● **Task brief**:
Word for word, copy the lines from the one with "2023年11月4日(土)・5日(日)に開催決定！" to the last line of the data below, counting both, and keep every picture out.

● **Supplied material**:
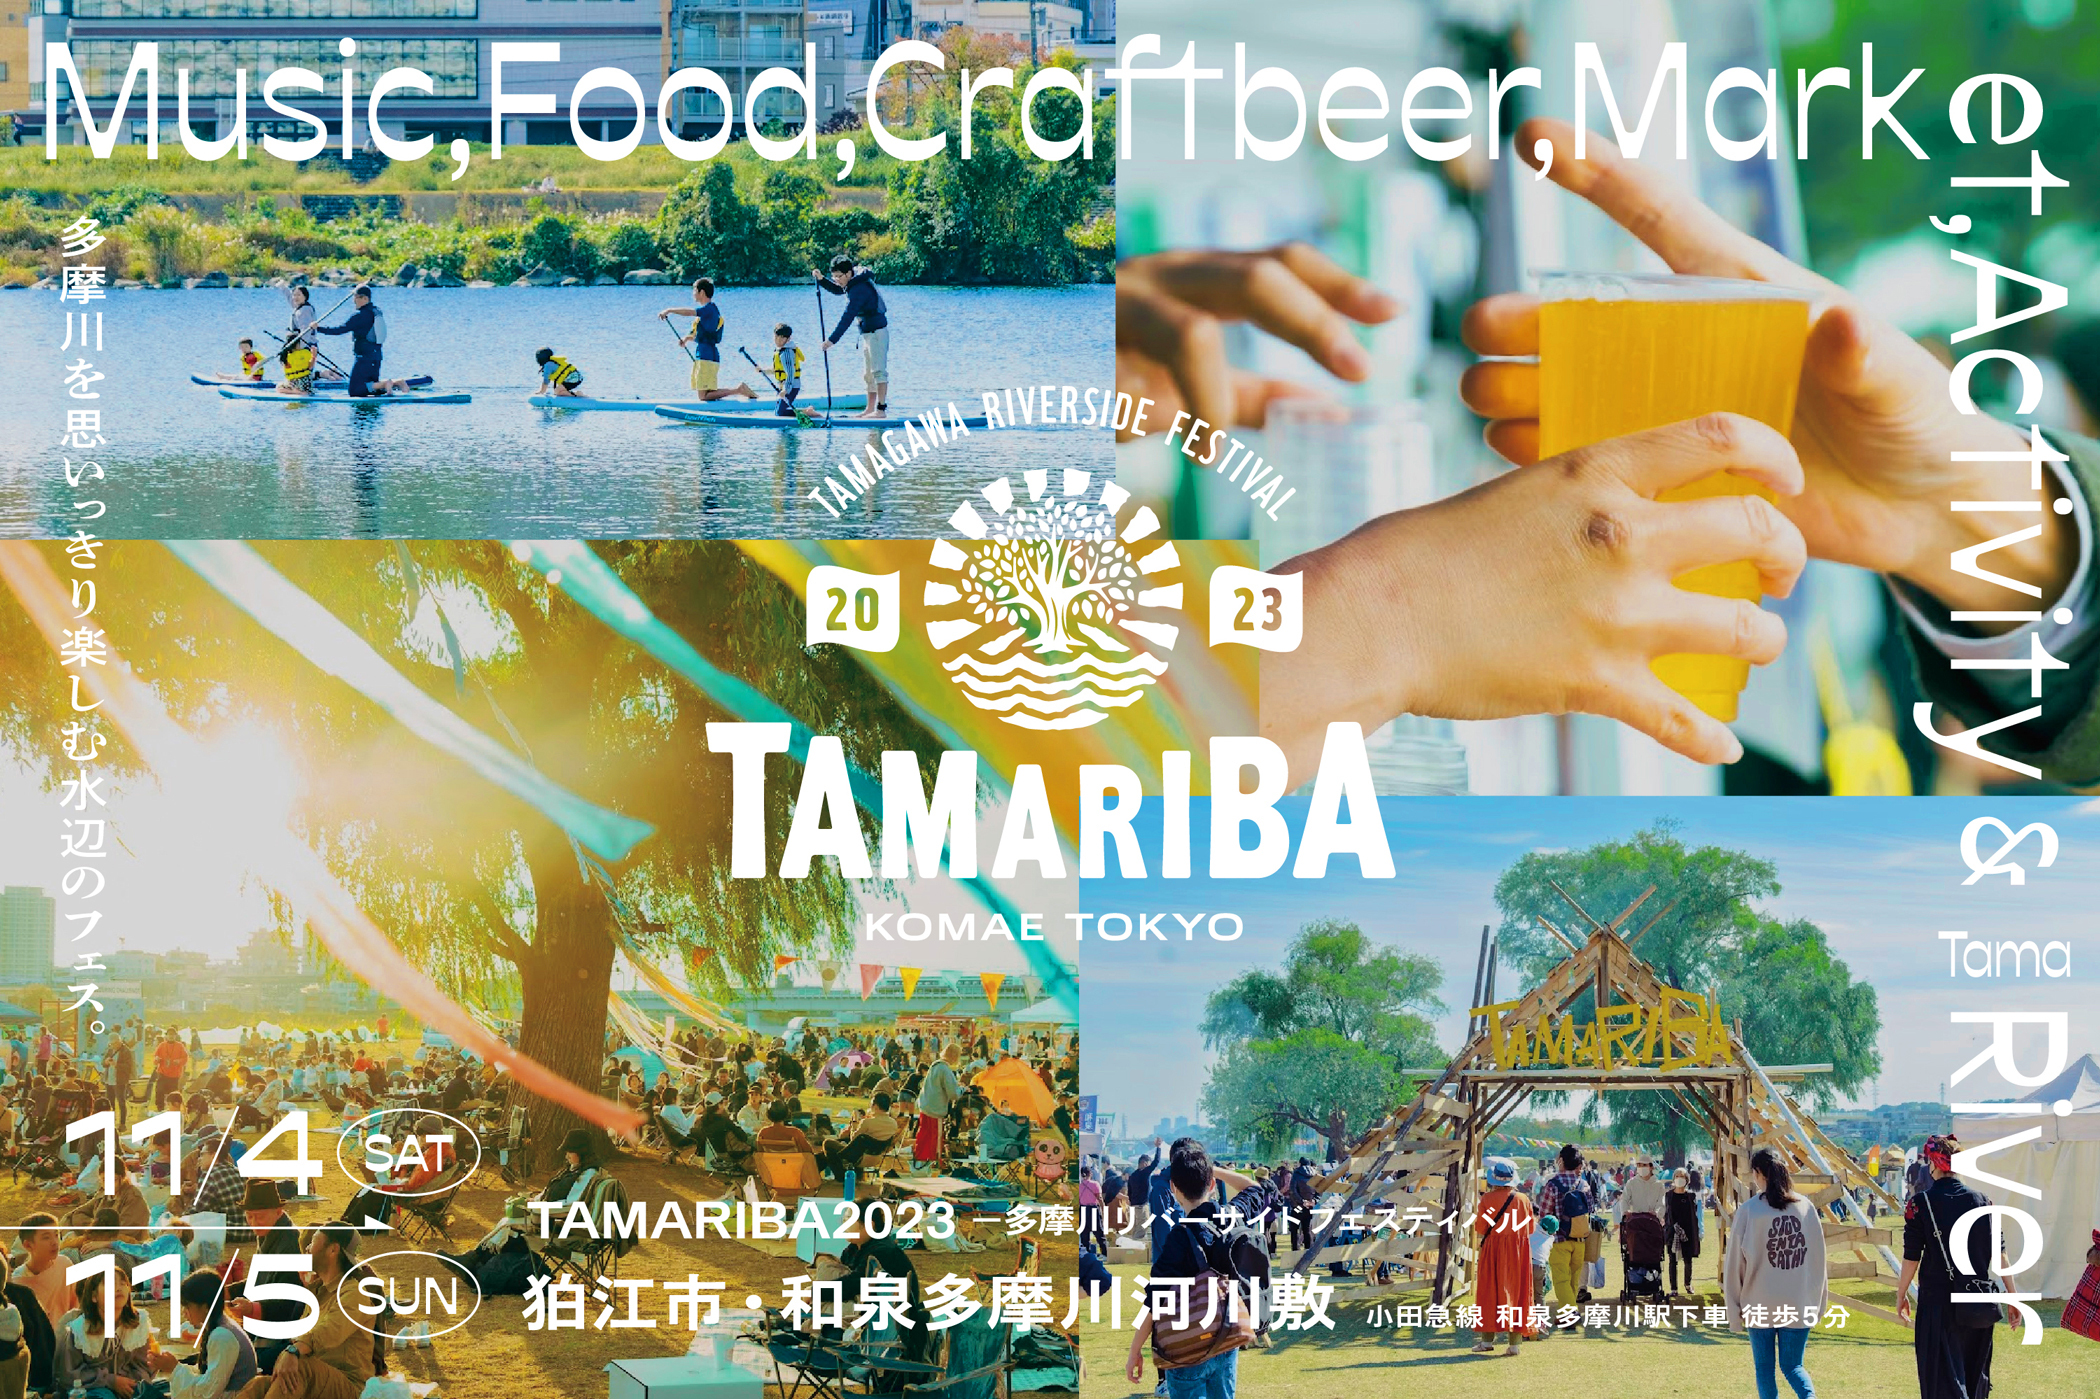 都心から30分の多摩川水辺のフェス「TAMARIBA」
2023年11月4日(土)・5日(日)に開催決定！
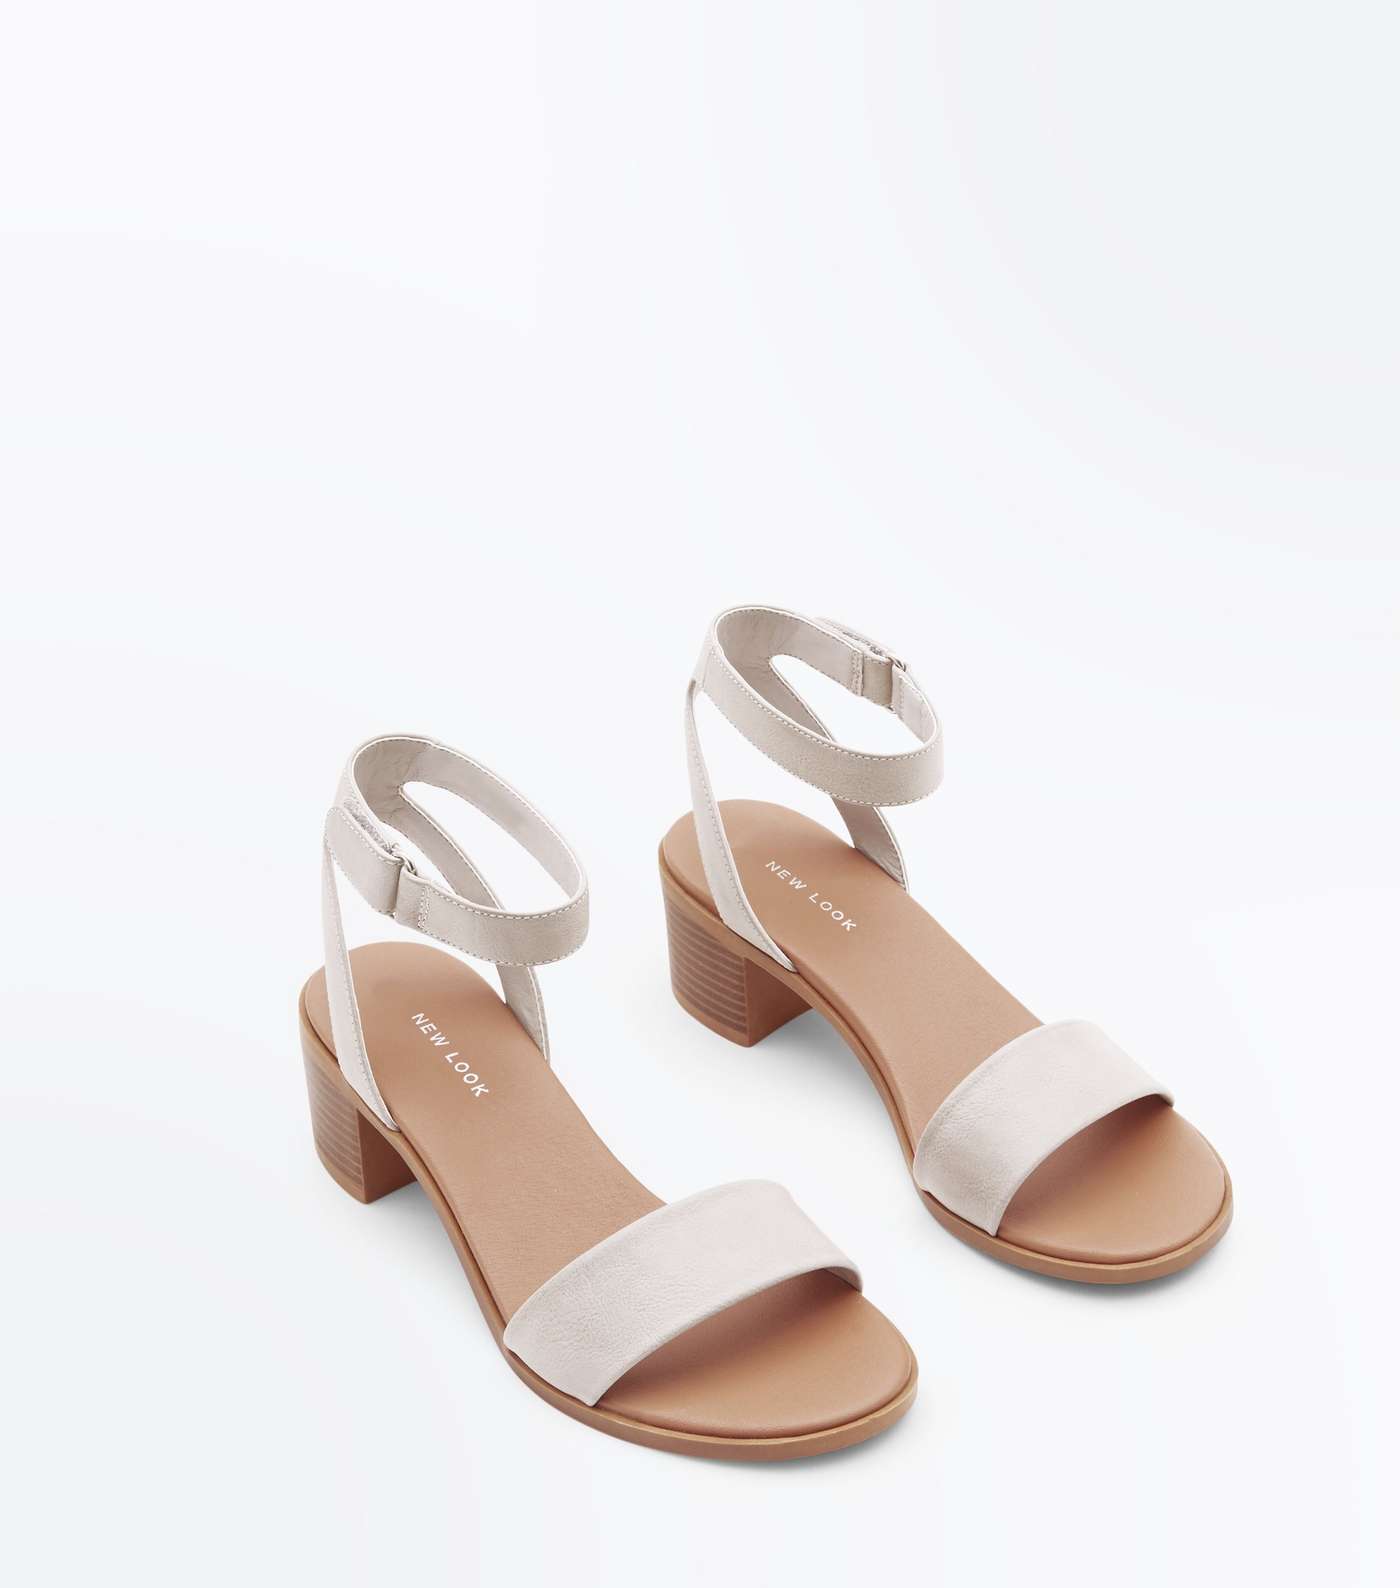 Grey Low Block Heel Flexible Sole Sandals Image 4

● **Result for this exercise**:
2023年11月4日(土)・5日(日)に開催決定！
 Grey Low Block Heel Flexible Sole Sandals Image 4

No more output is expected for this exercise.